The following elements can be used within the <rm> RGManager tag:
- Failover Domain: (tag: <failoverdomains></failoverdomains>): A failover domain is a set of cluster nodes that are eligible to run a specific cluster service in the event of a cluster node failure. More than one failure domain can be configured with different rules applied for different cluster services.
- Global Resources: (tag: <resources></resources>): Global cluster resources are globally configured resources that can be related when configuring cluster services. Global cluster resources simplify the process of cluster service configuration by global resource name reference.
- Cluster Service: (tag: <service></service>): A cluster service usually defines more than one resource combined to provide a cluster service. The order of resources provided within a cluster service is important because it defines the resource start and stop order.
The most used and important RGManager command-line expressions are as follows:
- clustat: The clustat command provides cluster status information.

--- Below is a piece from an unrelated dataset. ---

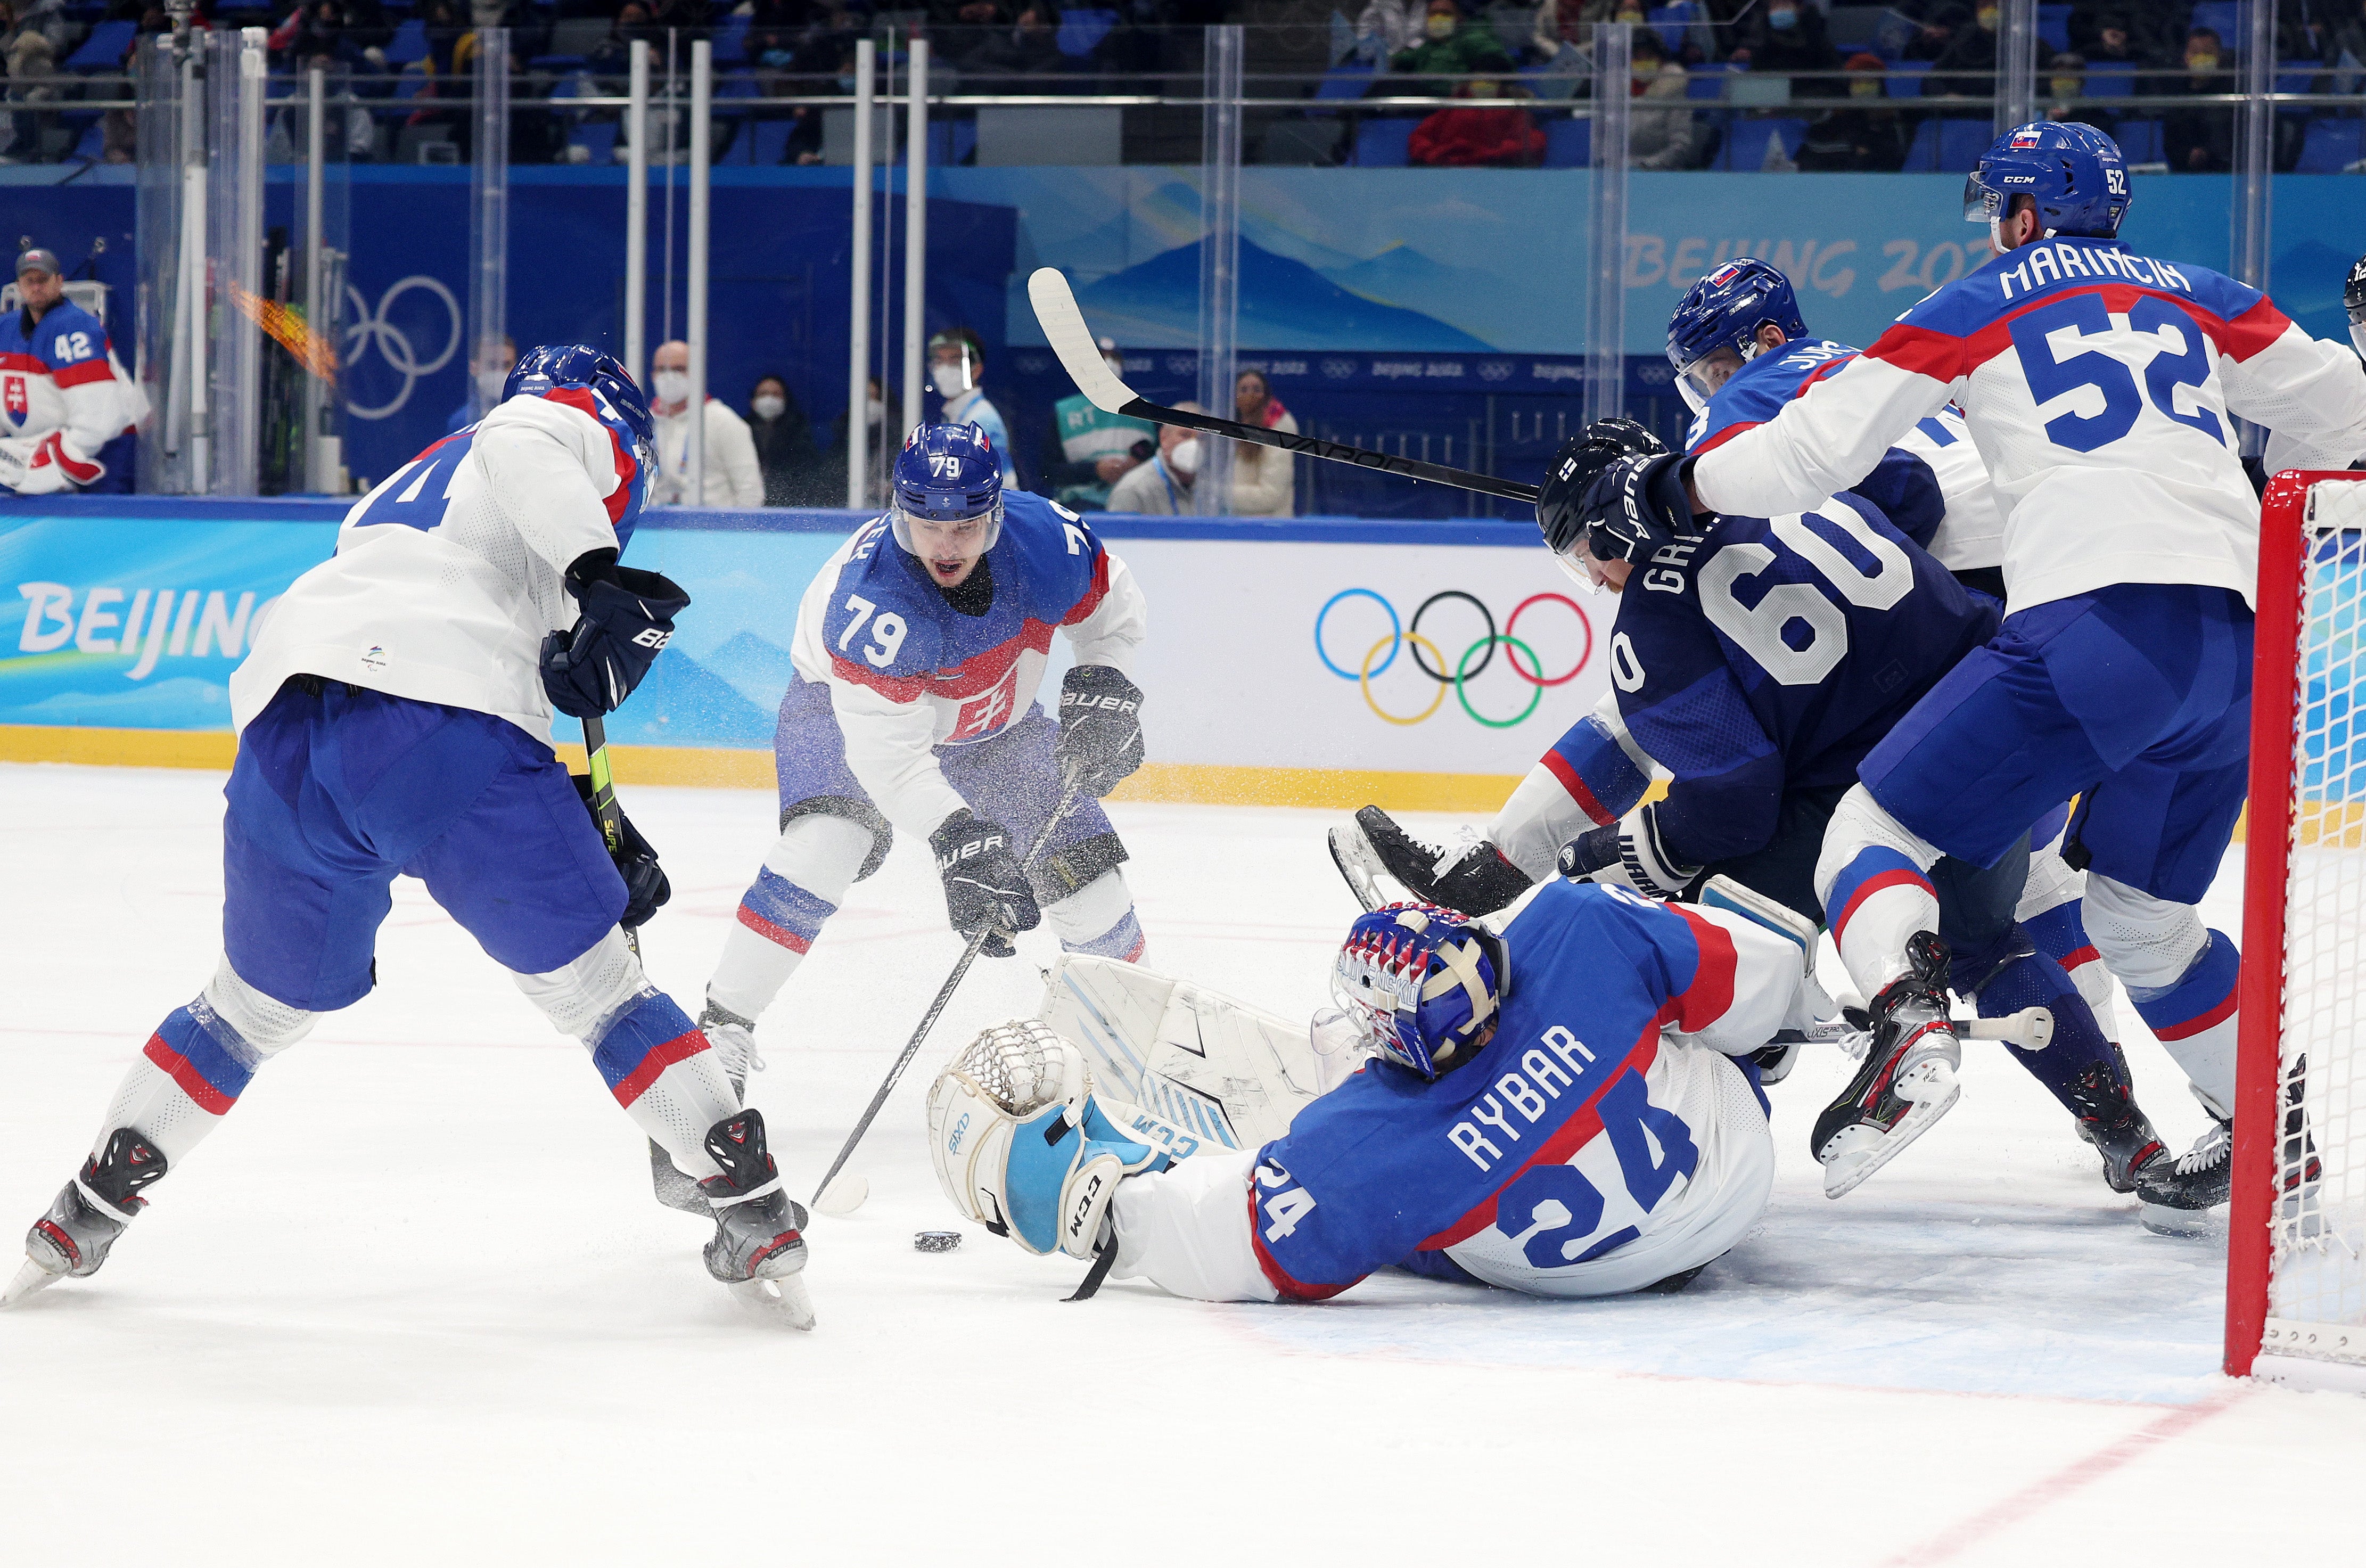 Finland play against Slovakia during men’s ice hockey splayoff semifinal match on day 14

It also provides information about the cluster, cluster nodes, and cluster services.
- clusvcadm: The clusvcadm command provides cluster service management commands such as start, stop, disable, enable, relocate, and others.
By default, RGManager logging is configured to log information related to RGManager to the syslog/var/log/messages file. If the logfile parameter in the Corosync configuration file’s logging section is configured, information related to RGManager will be logged in the location specified by the logfile parameter. The default RGManager log file is named rgmanager.log.

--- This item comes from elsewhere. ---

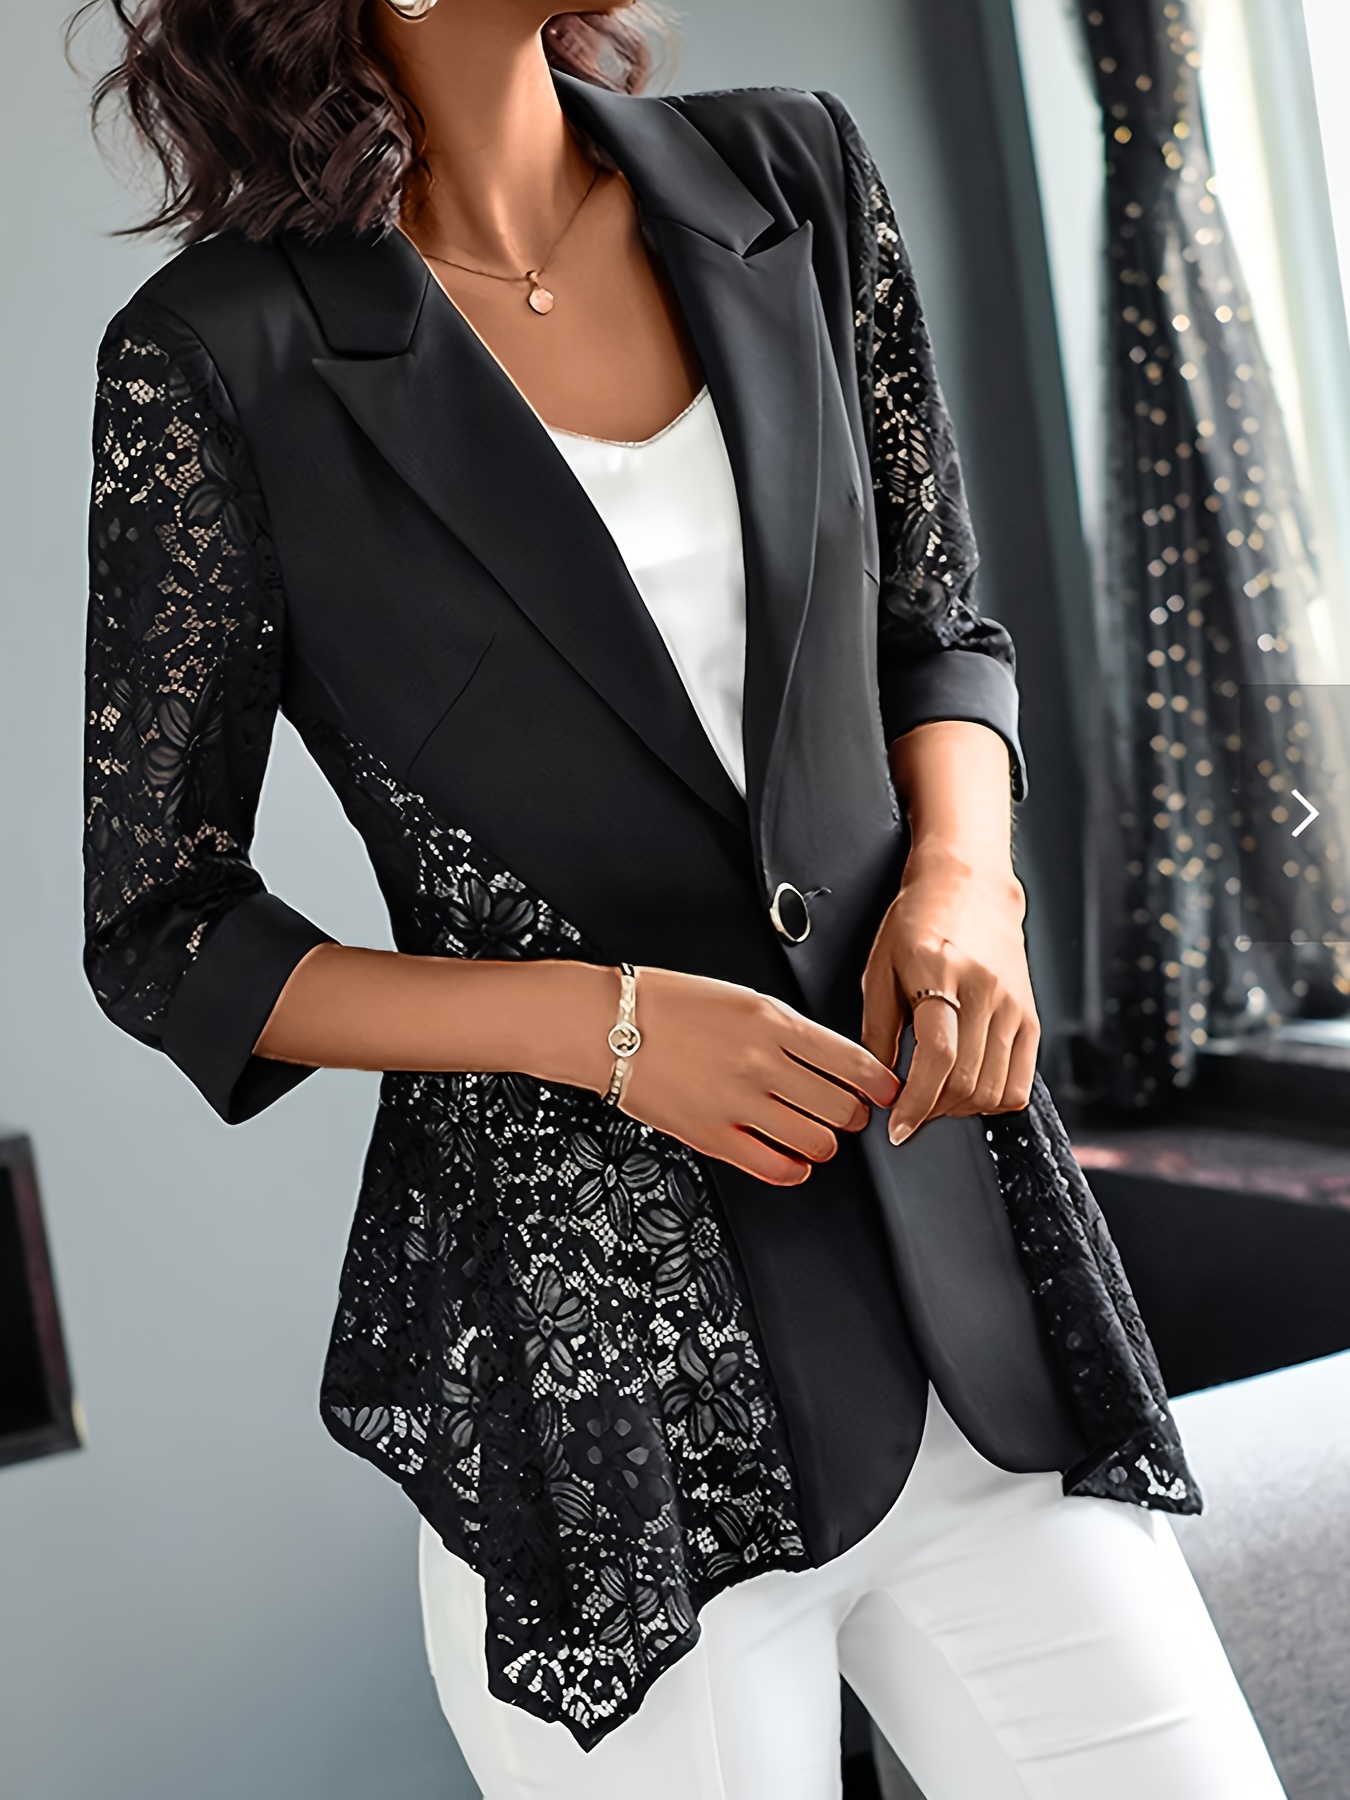 Solid Color Open Front Blazer, Elegant Lapel Neck Contrast Lace Single Button Long Sleeve Blazer For Every Day, Women s Clothing details 5

Let’s start with the details of RGManager configuration.
Configuring failover domains
The <rm> tag in the CMAN configuration file usually begins with the definition of a failover domain, but configuring a failover domain is not required for normal operation of the cluster.
A failover domain is a set of cluster nodes with configured failover rules. The failover domain is attached to the cluster service configuration; in the event of a cluster node failure, the configured cluster service’s failover domain rules are applied.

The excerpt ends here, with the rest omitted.